A slower recovery would be contributed from:

  • a more gradual recovery in tourism
  • materially weaker trading partner growth
  • shifts in demand (domestically and abroad).

This would result in slower business investment and persistently higher unemployment.

Moderated recovery

More effective control of COVID-19 spread, domestically and abroad, leads to a more moderated impact on the economy.

This will lead to slightly less people on benefits, as the decline in benefit numbers will occur faster (compared to BEFU 2020).
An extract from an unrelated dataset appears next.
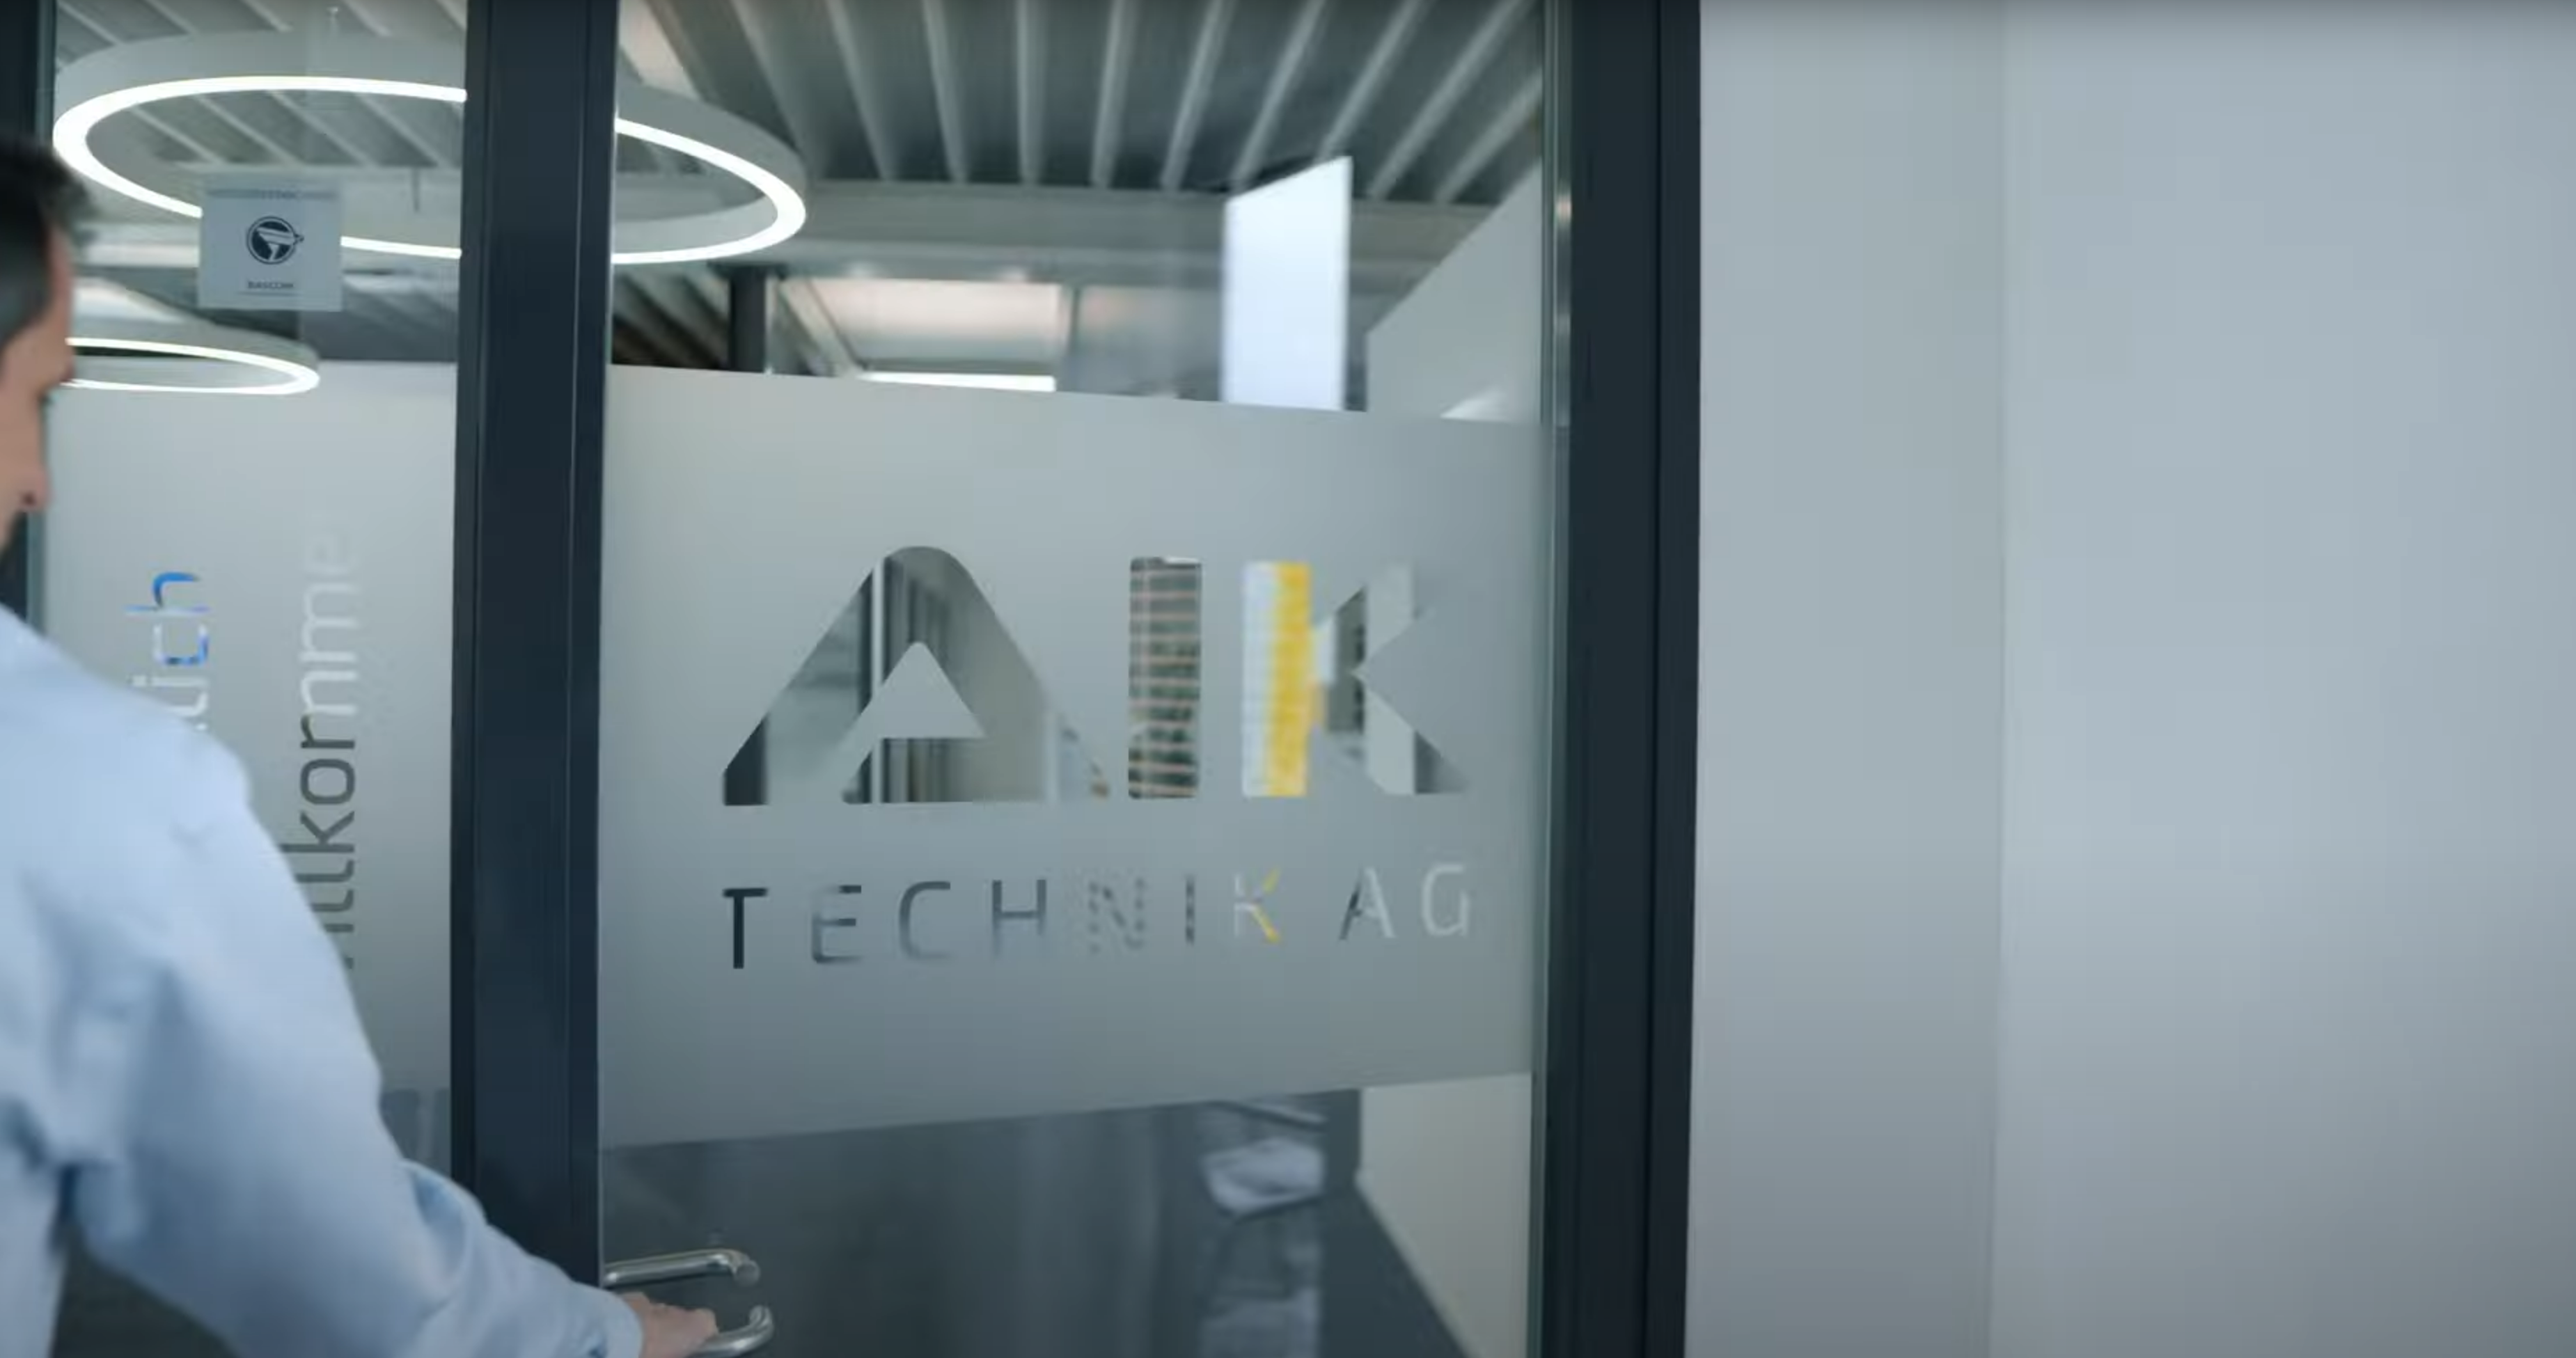 Vorstellungsvideo der AK Technik AG

The better economic outcome is due to:

  • tourism recovering from late 2020
  • improved business sentiment
  • demand for New Zealand exports recovering at faster pace.

Scenario

Jobseeker Support

Sole Parent Support

Working-age Benefits

Actual as at February 2020

148,000

61,000

305,000

BEFU 2020 Forecast

 

232,000 in June 2020, peaking at 317,000 in January 2021

64,000 in June 2020, peaking at 76,000 in January 2022

392,000 in June 2020, peaking at 488,000 in January 2021

Slower Recovery

233,000 in June 2020, peaking at 322,000 in March 2021

64,000 in June 2020, peaking at 78,000 in January 2023

393,000 in June 2020, peaking at 492,000 in April 2021

Moderated Impact

233,000 in June 2020, peaking at 323,000 in January 2021

64,000 in June 2020, peaking at 75,000 in January 2022

393,000 in June 2020, peaking at 493,000 in January 2021

The numbers quoted in this table use the month-average figures used in producing the expenditure forecasts. They will differ slightly from the Official Benefit Counts as used in the Benefit Fact Sheets.